Overview of the proposals

Factsheet 1 Overview of the proposals (227KB | PDF)

New Zealand’s Public Service has an enviable international reputation for responsiveness to government, effectiveness for New Zealanders and integrity. The recently released Kiwis Count Survey reinforces this reputation, with 2018 results showing New Zealanders have increasing trust in, and satisfaction with, their public services. These reforms will build on the high performance base of the Public Service, with the overall aim of delivering better outcomes and services for New Zealanders.

Changes are also aimed at creating a modern, agile and adaptive Public Service, and affirming the constitutional role of the Public Service in supporting New Zealand’s democratic form of government.

The key enablers to this are public service culture and behaviour; an updated framework for employment; effective leadership; and a greater range of options for configuring fit-for-purpose public service organisations. Alongside these enablers there is recognition of the Public Service’s role in supporting the Crown in its relationships with Māori.

Ngā whakataunga matua
Major decisions

The Government has decided to repeal and replace the State Sector Act 1988 with a new Public Service Act. This new Act will include provisions in five areas that will help the Public Service join up services around New Zealanders’ needs and secure public trust

and confidence so it remains well placed to serve New Zealand in the future. The five areas are:

  • A unified Public Service
  • Strengthening the Crown’s relationships with Māori
  • Employment and workforce
  • Leadership
  • Organisations

The Public Service Bill has now been introduced to Parliament. The public are able to make submissions through the select committee process. Read more about this on Parliament’s website.

Along with the system-level Public Service reform, there is also work to improve how public service agencies organise themselves in the regions.

See Factsheet 7 for details.

Ngā pātai me ngā whakautu
Questions and answers

Why do we need to replace the State Sector Act 1988?

The Act is more than 30 years old and has been amended 13 times. Times have changed and there are areas where the Public Service can do better. The Act needs to reflect the requirements on the Public Service today and into the future.
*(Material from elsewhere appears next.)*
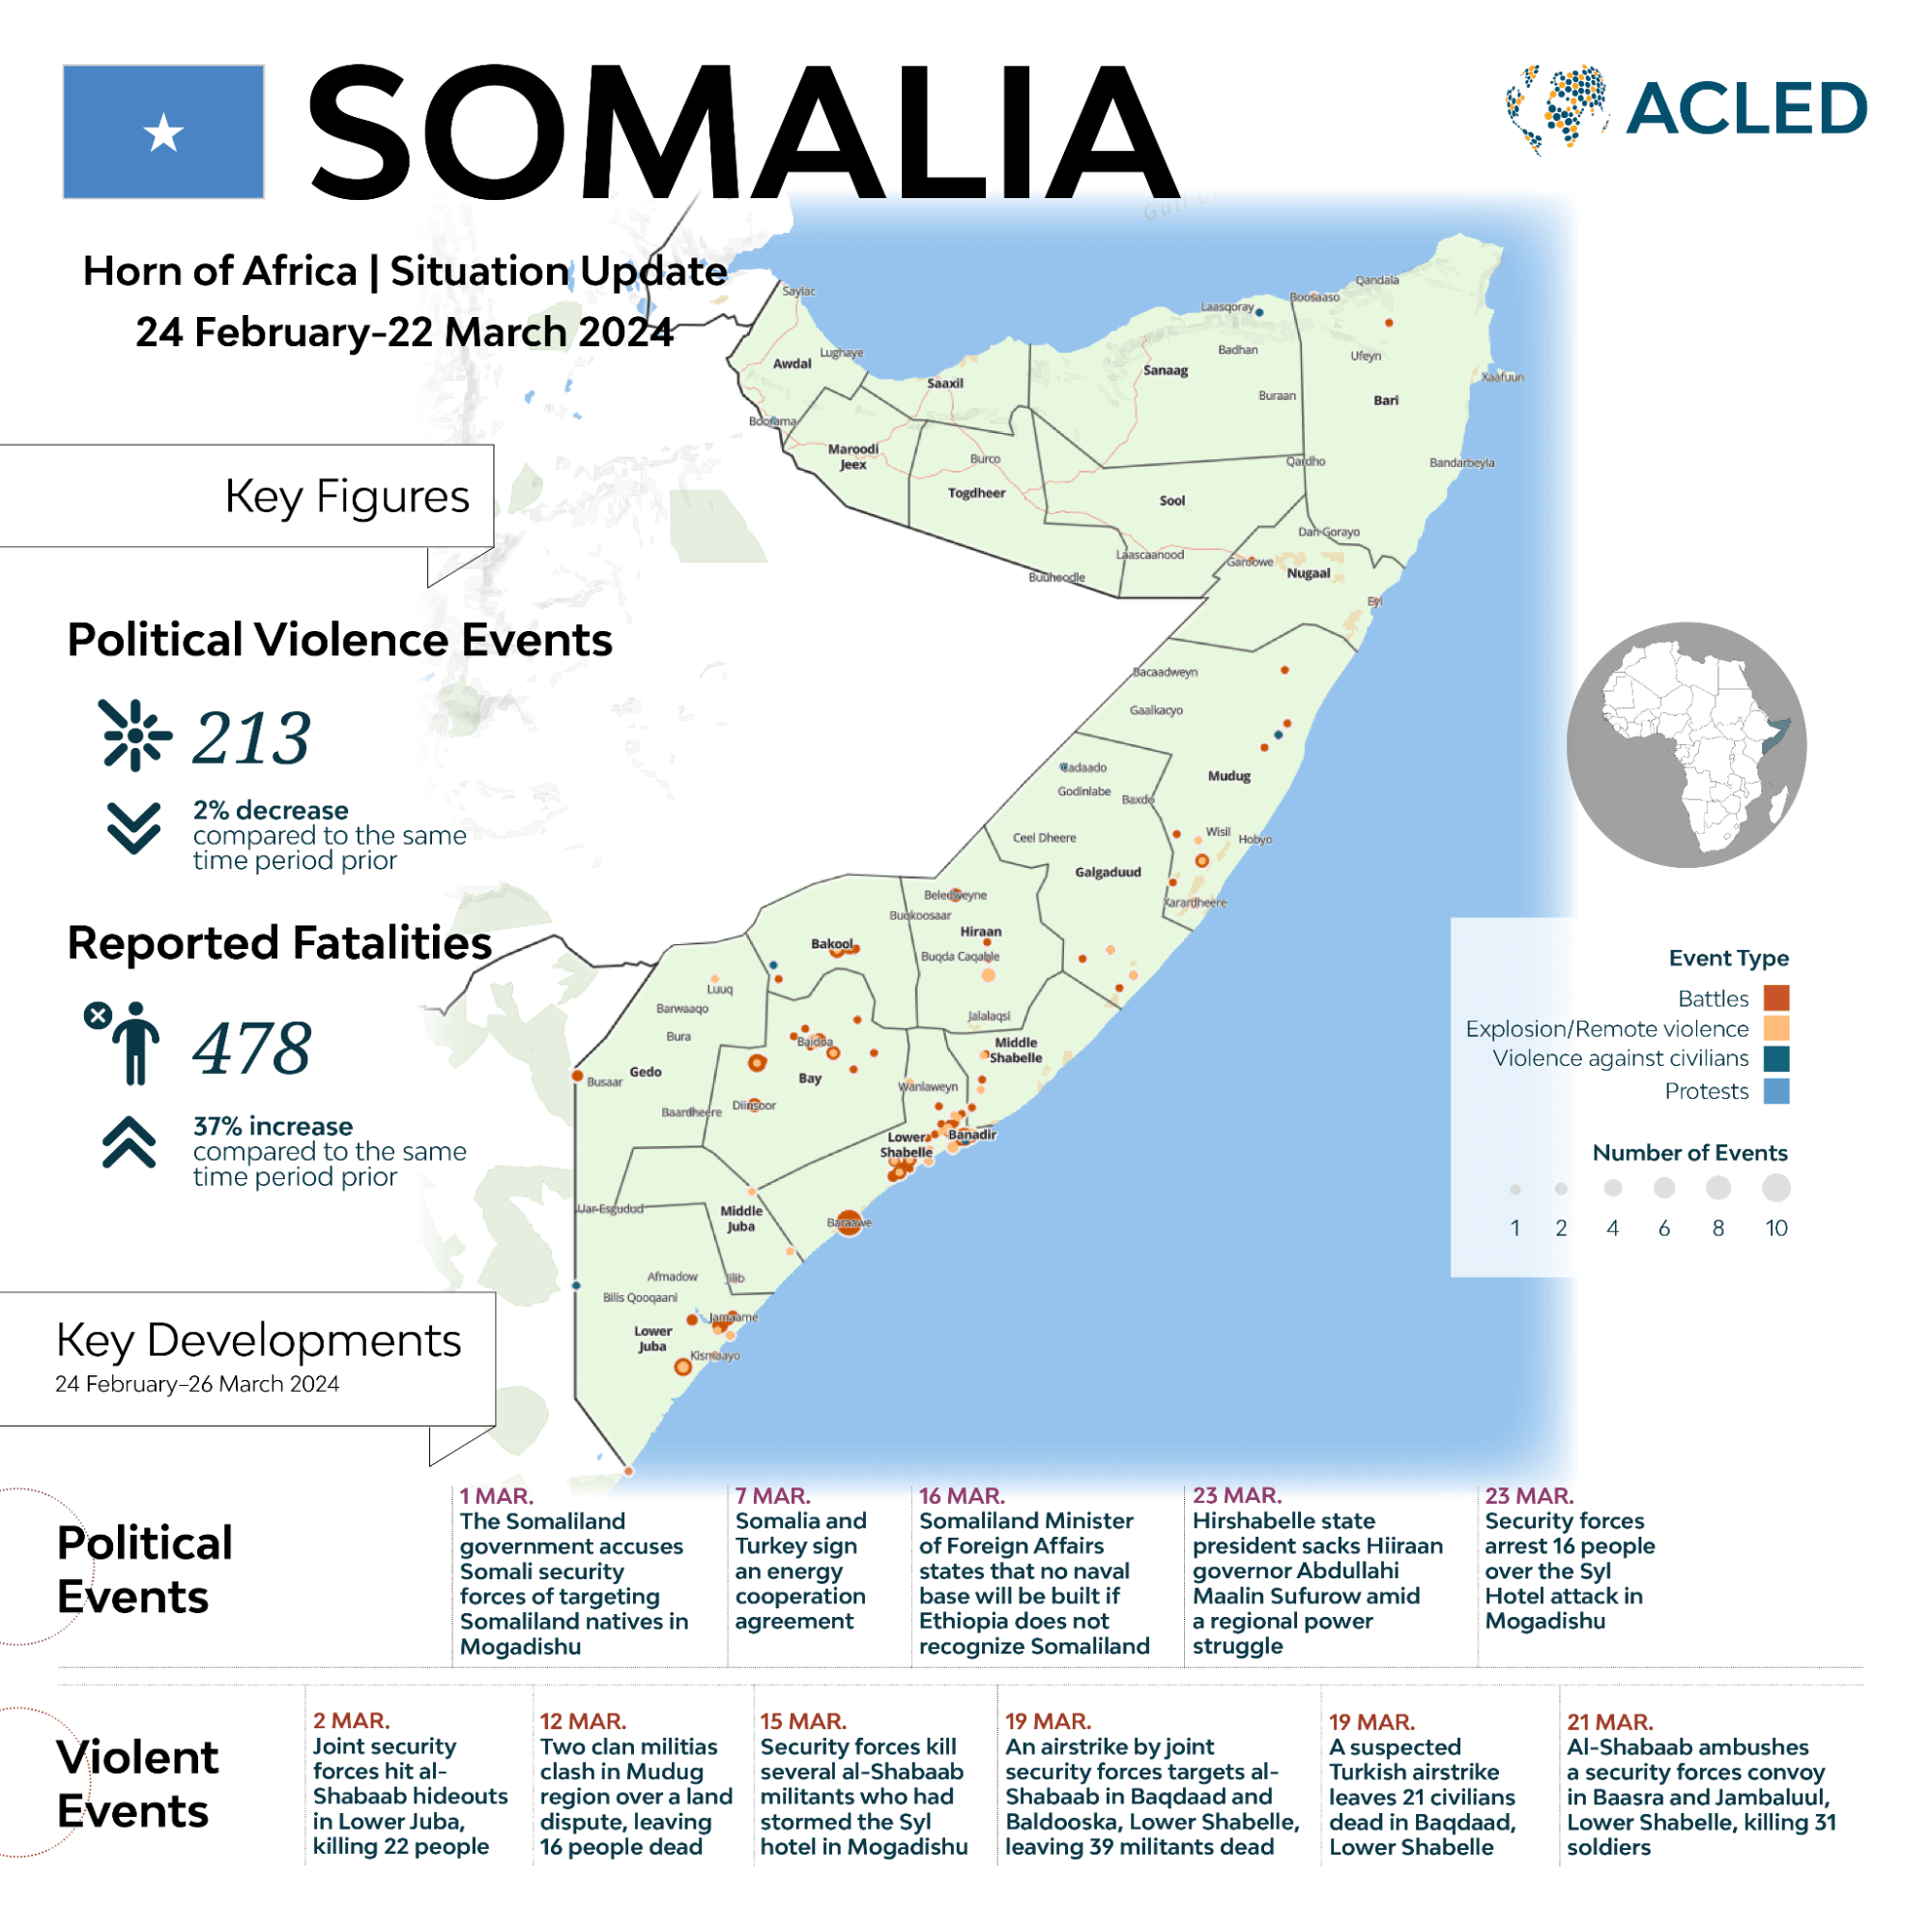 Horn of Africa situation update March 2024 - infographic

How will New Zealanders benefit from the changes in the new legislation?

The Public Service works for the government that New Zealanders elect and New Zealanders depend on the Public Service for a wide range of services. A public service which works better will, over time, be of more benefit to New Zealanders.

How will these reforms be achieved?

There are two main levers to bring about change:

  • Legislation – replacing the State Sector Act 1988 with a new Public Service Act
  • Non-legislative – a change programme driven by the State Services Commissioner (this will change to Public Service Commissioner) and chief executives of the Public Service.

These reforms will also complement changes in the way the Government manages public finances that started with the Wellbeing Budget approach.

Is there an appetite for change?

Yes. Consultation feedback showed strong support for the overall direction of the reforms. These changes are about improving on the high base from which the Public Service operates to enable it to make the biggest possible difference to New Zealanders’ wellbeing.

When will the Bill come into effect and the changes take place?

The Bill is expected to be enacted before the end of 2020. Some of the changes will come into effect immediately, but many provisions are enabling; they will provide the tools and instruments to meet current and future requirements. This means implementation can be phased in over time to bring about change in a managed way, instead of resulting in sudden large- scale change in the system.